In December 2002 Howard Glazer and Regina Glazer (collectively the Glazers) commenced an action against Chong Lee and the Westchester Medical Group (hereinafter collectively the Lee defendants), and Michael Werner and M.A.Z.E. Laboratories (hereinafter collectively the Werner defendants).   They sought damages sounding in medical malpractice and negligence against the Lee defendants and damages sounding in negligence against the Werner defendants.   The Glazers alleged that, due to the defendants' actions, they were unable to conceive a child together.   Howard Glazer died in June 2004 and Regina Glazer continued the action in her individual capacity and as executor of his estate (hereinafter the plaintiff).   Chong Lee also died during the pendency of this action.   Choong-Hee Lee, the executor of his estate, was substituted as a party defendant.

 The Lee defendants established their prima facie entitlement to summary judgment dismissing the medical malpractice causes of action insofar as asserted against them by submitting an expert's affirmation showing that the treatment Dr. Lee rendered to Howard Glazer conformed to good and accepted medical practice (see Alvarez v. Prospect Hosp., 68 N.Y.2d 320, 508 N.Y.S.2d 923, 501 N.E.2d 572;  Mustello v. Berg, 44 A.D.3d 1018, 845 N.Y.S.2d 86;  Behar v. Coren, 21 A.D.3d 1045, 803 N.Y.S.2d 629).   The burden then shifted to the plaintiff to show the existence of a triable issue of fact (see Rosen v. John J. Foley Skilled Nursing Facility, 45 A.D.3d 558, 846 N.Y.S.2d 208;  Holbrook v. United Hosp. Med. Ctr., 248 A.D.2d 358, 669 N.Y.S.2d 631).   The affirmation of the plaintiff's expert was of no probative value, as it contained opinions outside his area of expertise and did not establish a foundation for his opinions (see Mustello v. Berg, 44 A.D.3d at 1018-1019, 845 N.Y.S.2d 86;  Behar v. Coren, 21 A.D.3d at 1046-1047, 803 N.Y.S.2d 629).   Thus, it was insufficient to show the existence of a triable issue of fact.

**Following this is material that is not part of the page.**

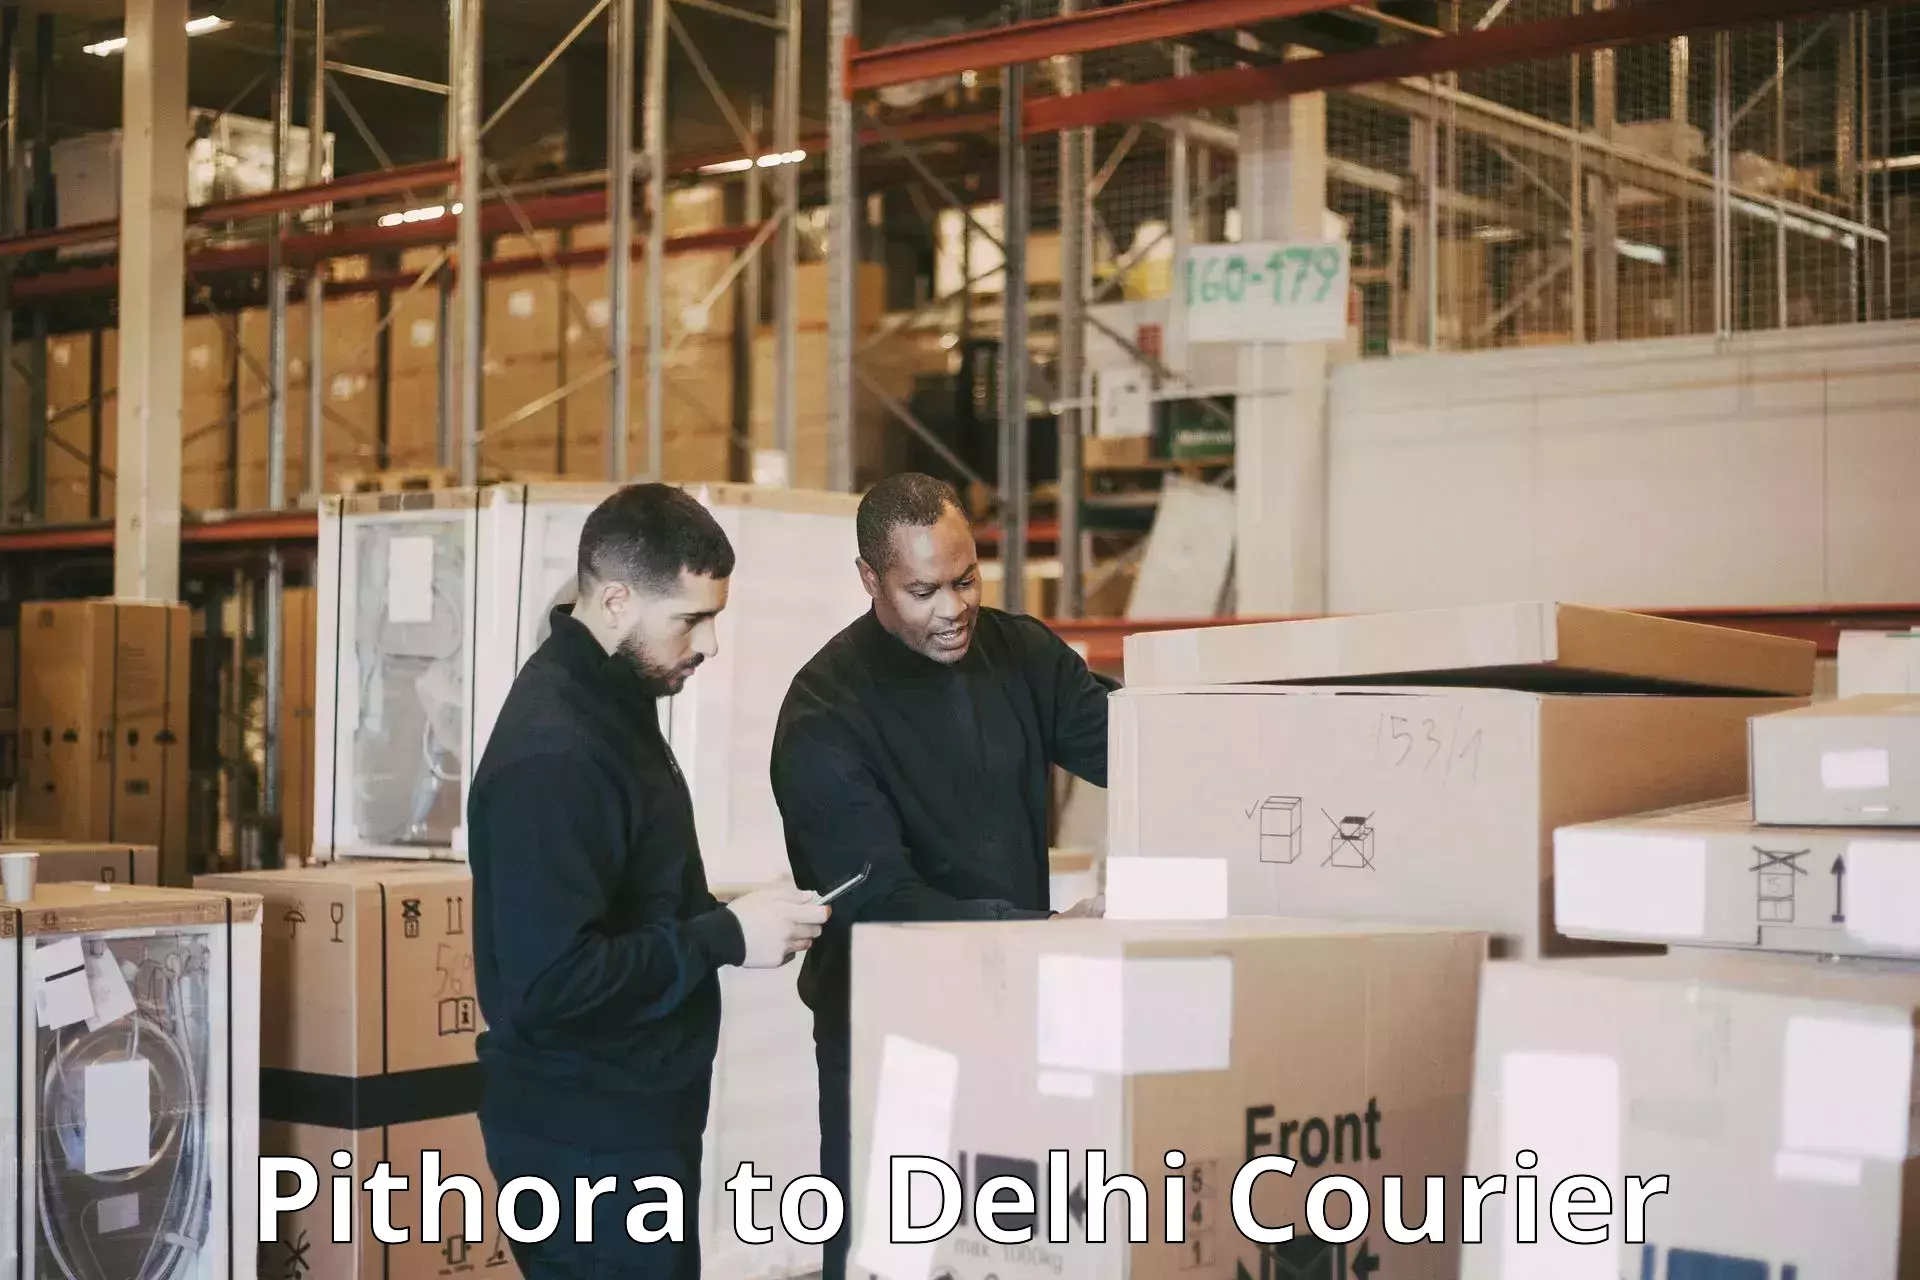 Flexible delivery schedules Pithora to Lodhi Road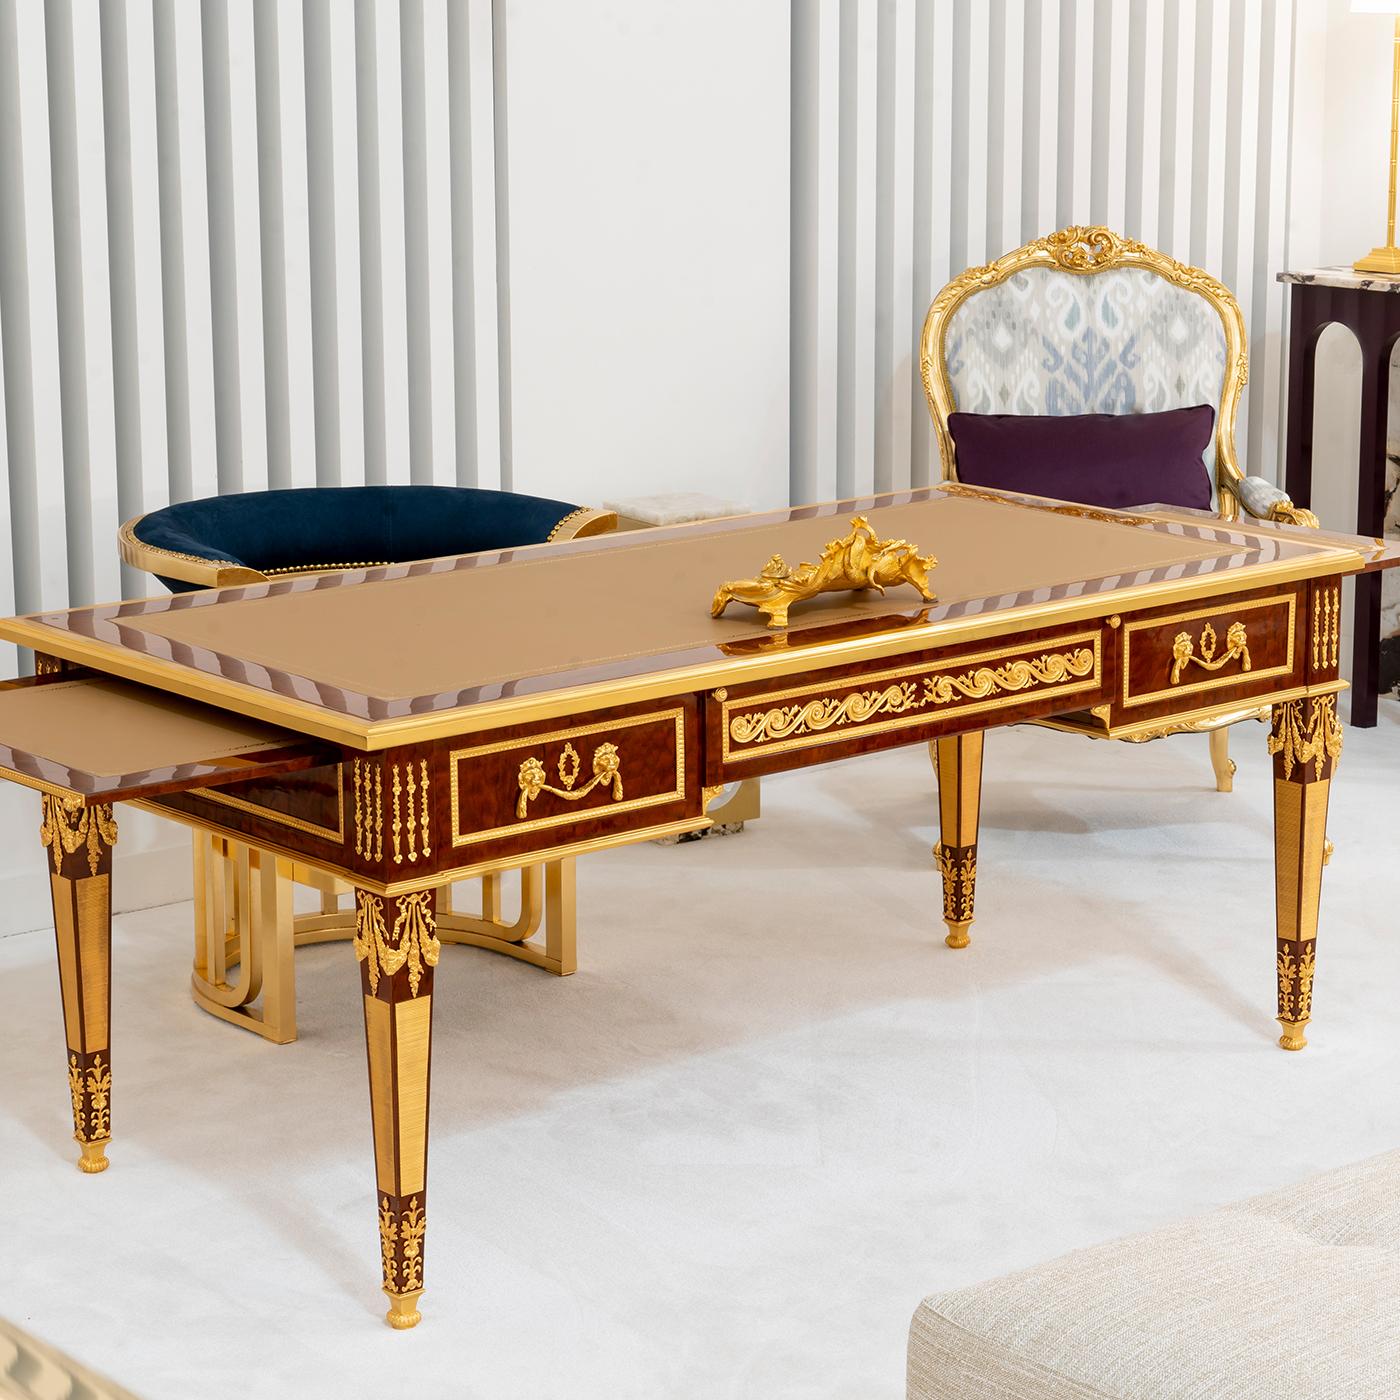 An exclusive Louis XVI-style design of extraordinary refinement, this writing desk will imbue a luxurious allure in a sophisticated interior. Handcrafted of Pomele Mahogany, it is enriched with bronze decorations plated with 24K gold. The top is

 The Lee defendants also demonstrated their entitlement to summary judgment dismissing the negligence causes of action insofar as asserted against them by showing that even if they were negligent, any negligence on their part was not a proximate cause of the damages alleged by the plaintiffs (see MONY Life Ins. Co. v. Cordero, 22 A.D.3d 815, 802 N.Y.S.2d 632;  Wilson v. Buffa, 294 A.D.2d 357, 741 N.Y.S.2d 713;  cf. Howe v. Flatbush Presbyt. Church, 48 A.D.3d 419, 852 N.Y.S.2d 189).   In response, the plaintiff failed to show the existence of a triable issue of fact (see Alvarez v. Prospect Hosp., 68 N.Y.2d at 324, 508 N.Y.S.2d 923, 501 N.E.2d 572).

The Supreme Court properly denied the plaintiff's motion to strike the answer of the Lee defendants (see CPLR 3126;  Thomas v. McGuire Serv. Corp., 251 A.D.2d 148, 674 N.Y.S.2d 348).

Contrary to the plaintiff's contention, the liquidated damages clause in the agreement entered into by Howard Glazer and the Werner defendants is applicable to the circumstances of this case (see generally Zeer v. Azulay, 50 A.D.3d 781, 860 N.Y.S.2d 527).   Consequently, the court properly limited any damages that may be recovered by the estate of Howard Glazer to the sum of $2,500.

The plaintiff's remaining contention is without merit.